Jean Louis Ebénézer Reynier (14 January 1771 – 27 February 1814) rose in rank to become a French army general officer during the French Revolutionary Wars. He led a division under Napoleon Bonaparte in the French Campaign in Egypt and Syria. During the Napoleonic Wars he continued to hold important combat commands, eventually leading an army corps during the Peninsular War in 1810-1811 and during the War of the Sixth Coalition in 1812-1813.

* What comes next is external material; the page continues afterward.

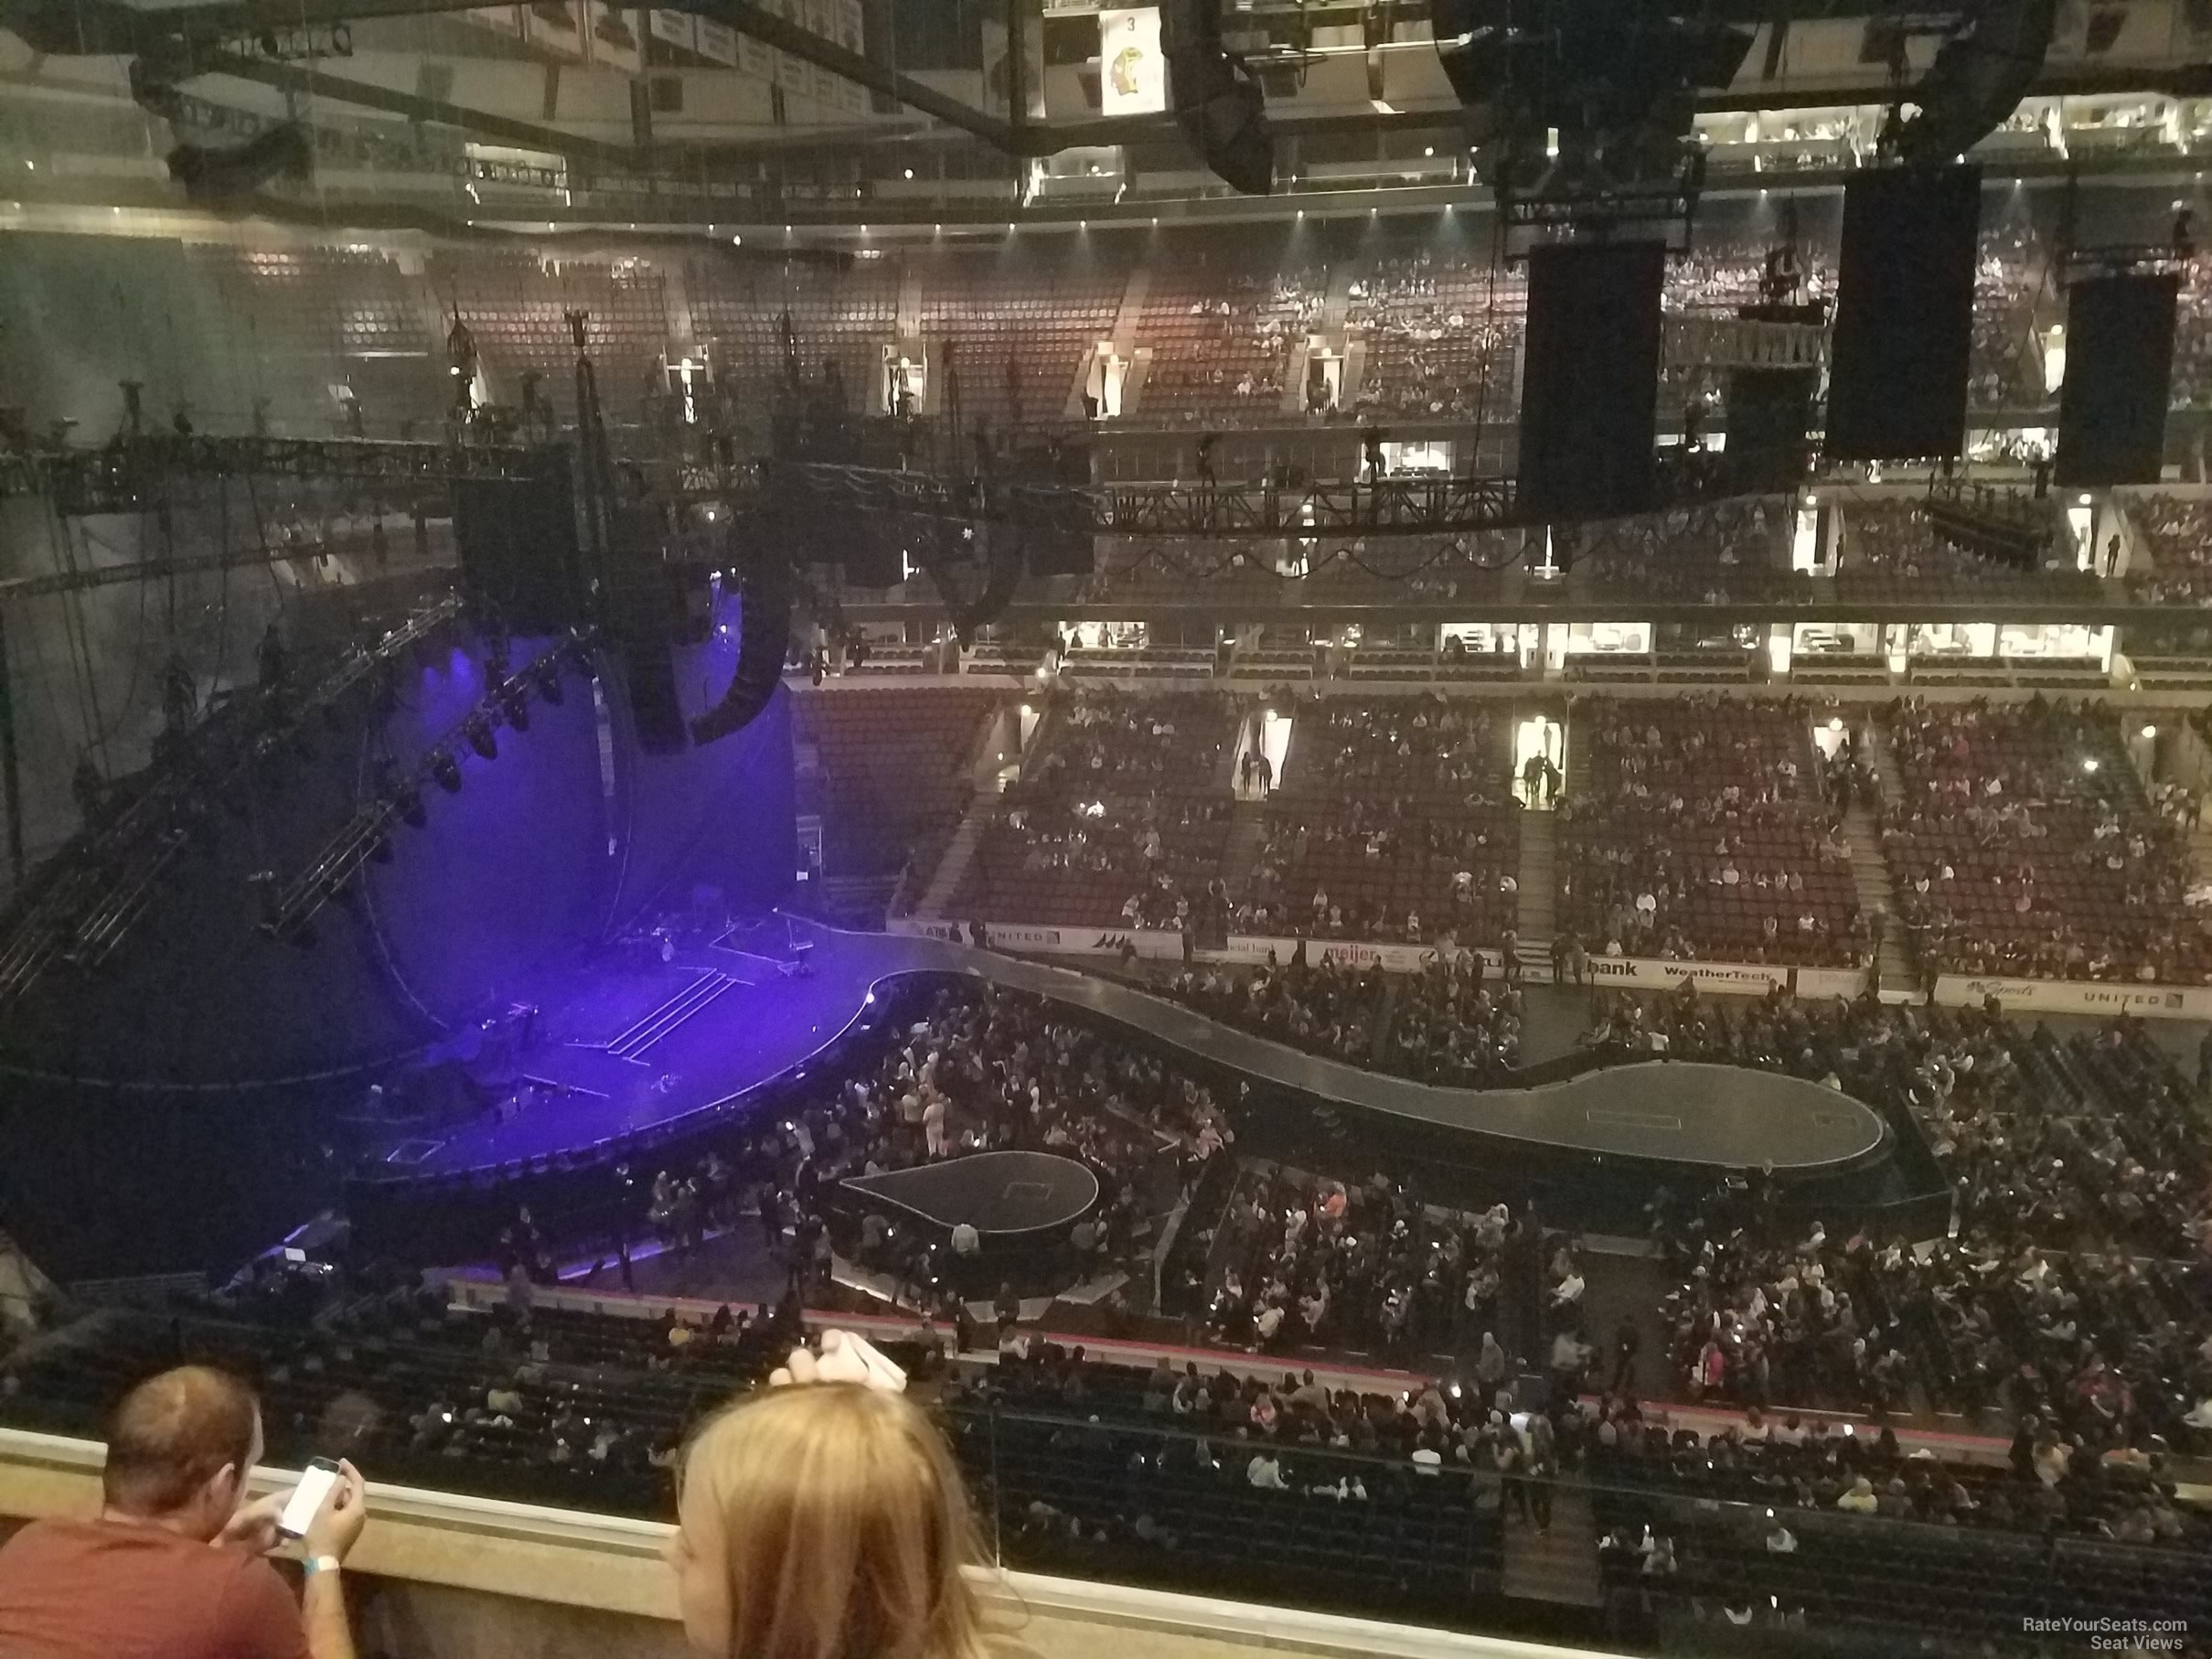 section 318, row 4 seat view  for concert - united center

Reynier joined the French army as a gunner in 1792 and fought at the Battle of Jemappes that year. He received promotion to general of brigade in January 1795. He was General Jean Moreau's chief-of-staff in 1796 and soon became a general of division. He went on Napoleon's Egyptian expedition in 1798 and commanded a division at the Battle of the Pyramids, the Siege of El Arish and the siege of Acre. Later, under the command of General Jacques-Francois Menou he defended against the British counter-invasion of Egypt in 1801. His division was present but not engaged in the Battle of Alexandria. After returning to France, Reynier killed a fellow general in a duel and was under a cloud for a time.

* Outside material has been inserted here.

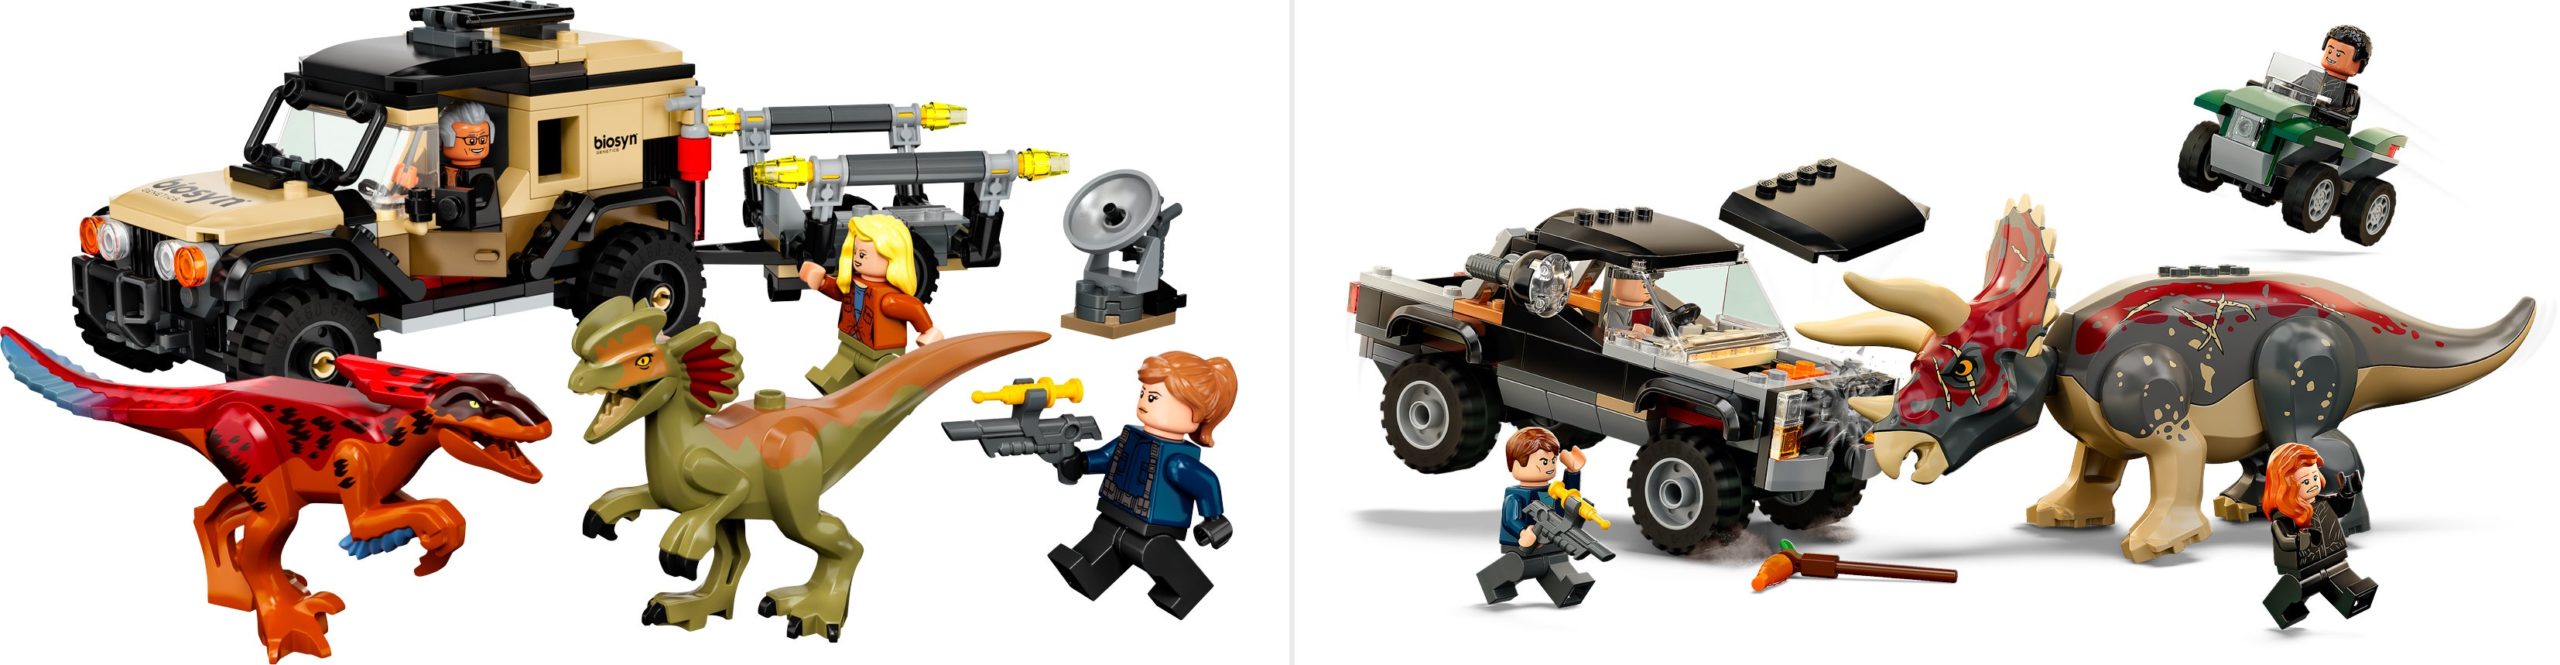 The Best Jurassic World: Dominion Lego Set Is a Throwback to the Original Jurassic Park

Reynier fought with the army of Marshal André Masséna in the 1805 Italian theater. On 24 November, his 2nd Division helped capture Prince Louis Victor Rohan-Guéméné's 4,400 Austrians at the Battle of Castelfranco Veneto. Reynier's 6,000 Frenchmen routed the 10,000-man army of the Bourbon Kingdom of Naples and Sicily at the Battle of Campo Tenese on 9 March 1806. This victory helped Napoleon to install his brother Joseph Bonaparte on the throne of the newly created Napoleonic Kingdom of Naples. On 4 July of that year, a British raiding force inflicted a severe drubbing on an overconfident Reynier at the Battle of Maida in southern Italy. Reynier was later able to reassert French control of the area via the French victory at Mileto and served under King Joseph as his Minister of War and Marine.